USB – Serial Debugger

This shows the moisture sensor from my previous entry with one exception – I added the USB Serial port. I have used various serial ports for debugging in the past, but never the USB despite I have always had it on my boards (almost always) – I simply never took the time to figure out how it worked before. And once I did I was puzzled about how easy it was.

Yes we have JTAG/SWD with single step debugger etc, but you do need a serial line to print info on during a real-time loop – not a lot of info, but triggered info about what is happening. You need this to verify that your system is working and to debug problems. Or to put it in a different way – you CAN manage without as I just had to in a project, but that will cost you a lot of extra hours.

USB is perfect for maintenance and debugging – it only takes two pins and all software topside and embedded is free – only a few lines of code and you have a debug serial running.

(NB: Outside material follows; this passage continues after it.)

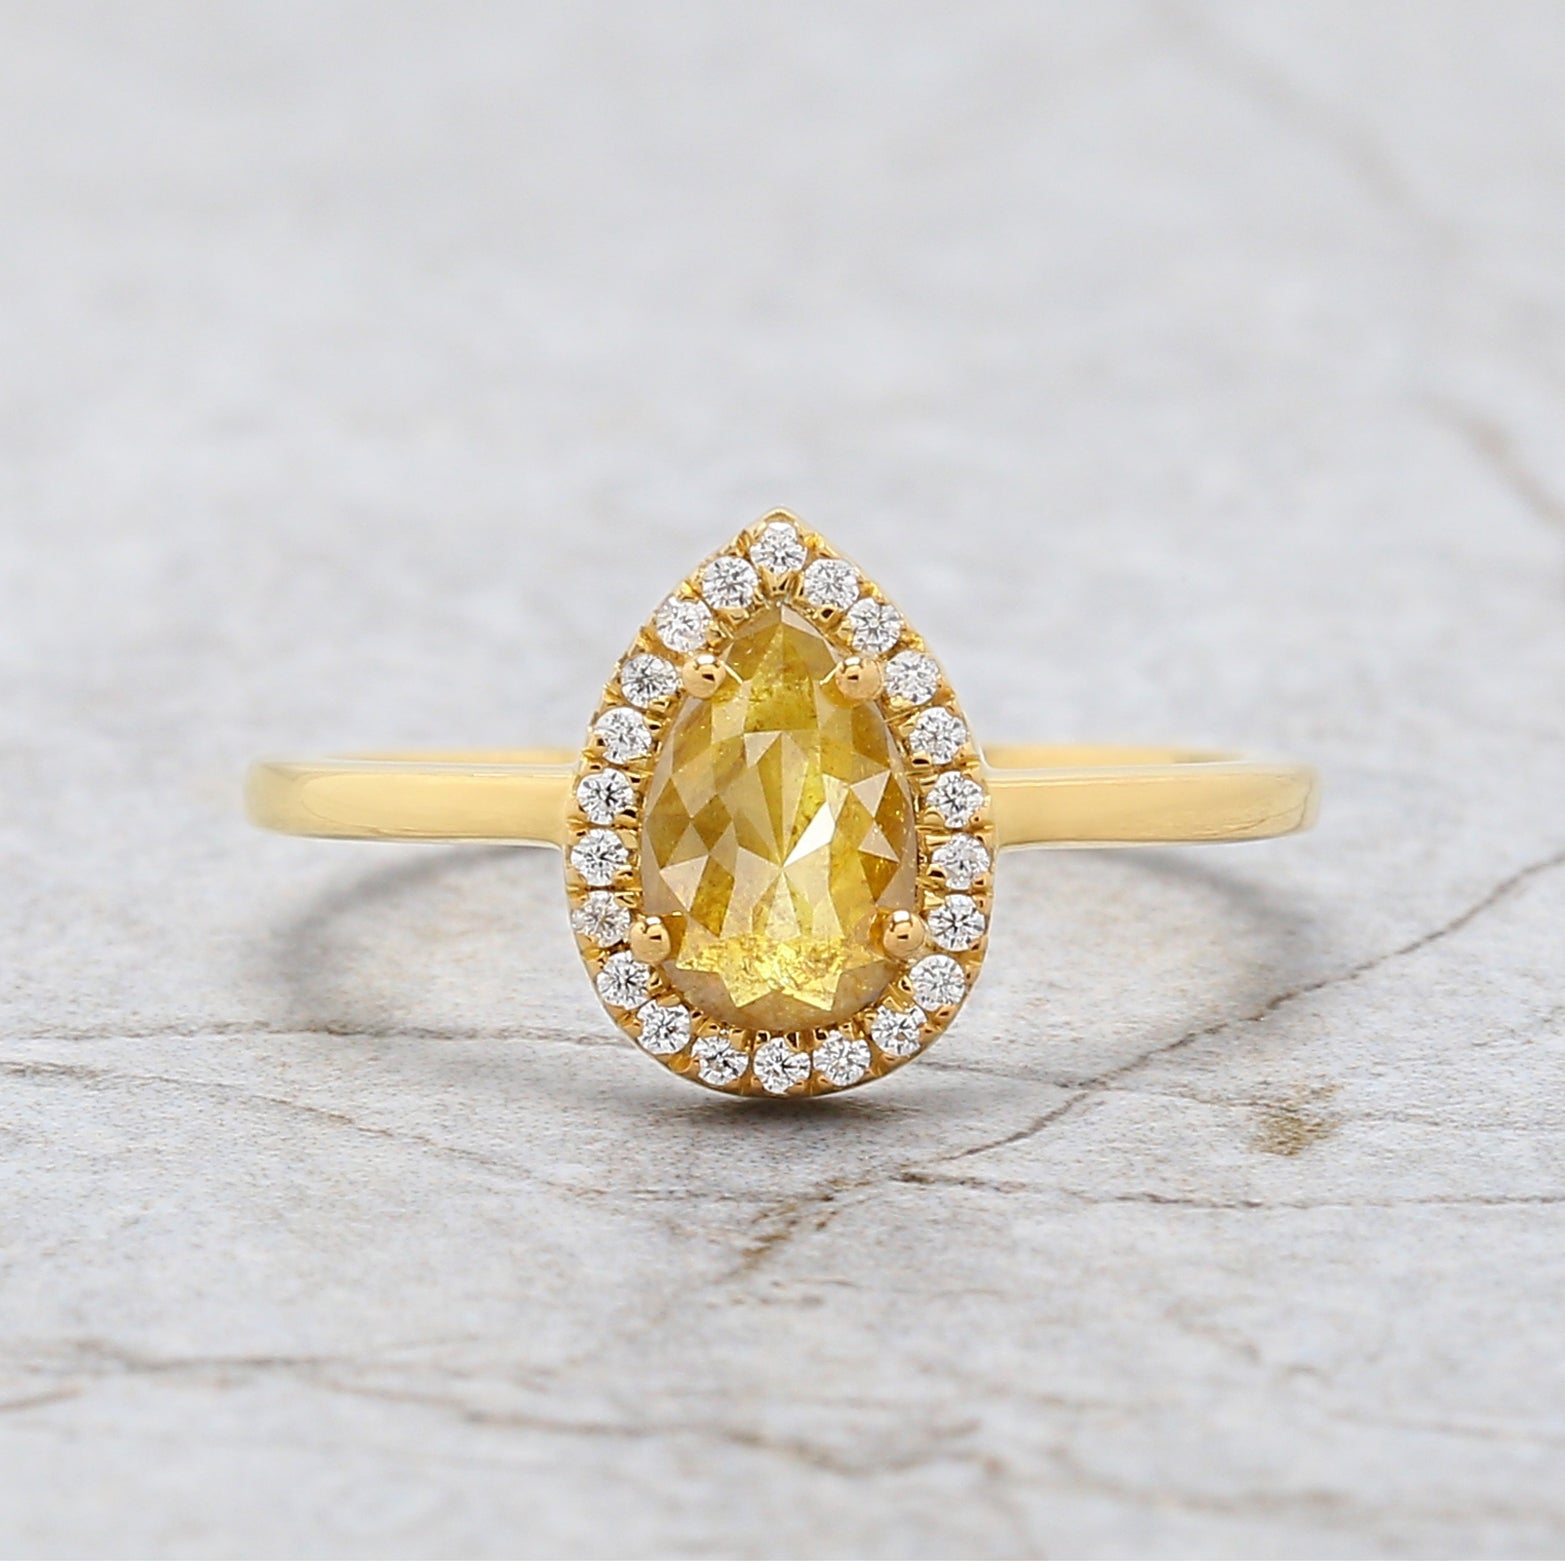 Pear Cut Yellow Color Diamond Ring 0.55 Ct 7.62 MM Pear Diamond Ring 14K Solid Yellow Gold Silver Pear Engagement Ring Gift For Her QK2580

In this case I will also use LoRa and I will even look into having a LoRa based Bootloader. A bootloader is a small program that download and start the real program. To do so you need to do a few tricks that I will get back to, but it is not difficult.

 

Something else that is handy is a proper serial debugger/logger application. This is something I want to create and it is very straight forward. You make a debugger that send info in a selected format and then you add logic to the top-side utility to filter and process that. I tend to do this as per need, so I will look into creating a proper one that I can re-use more because it is an important part of your development time/productivity.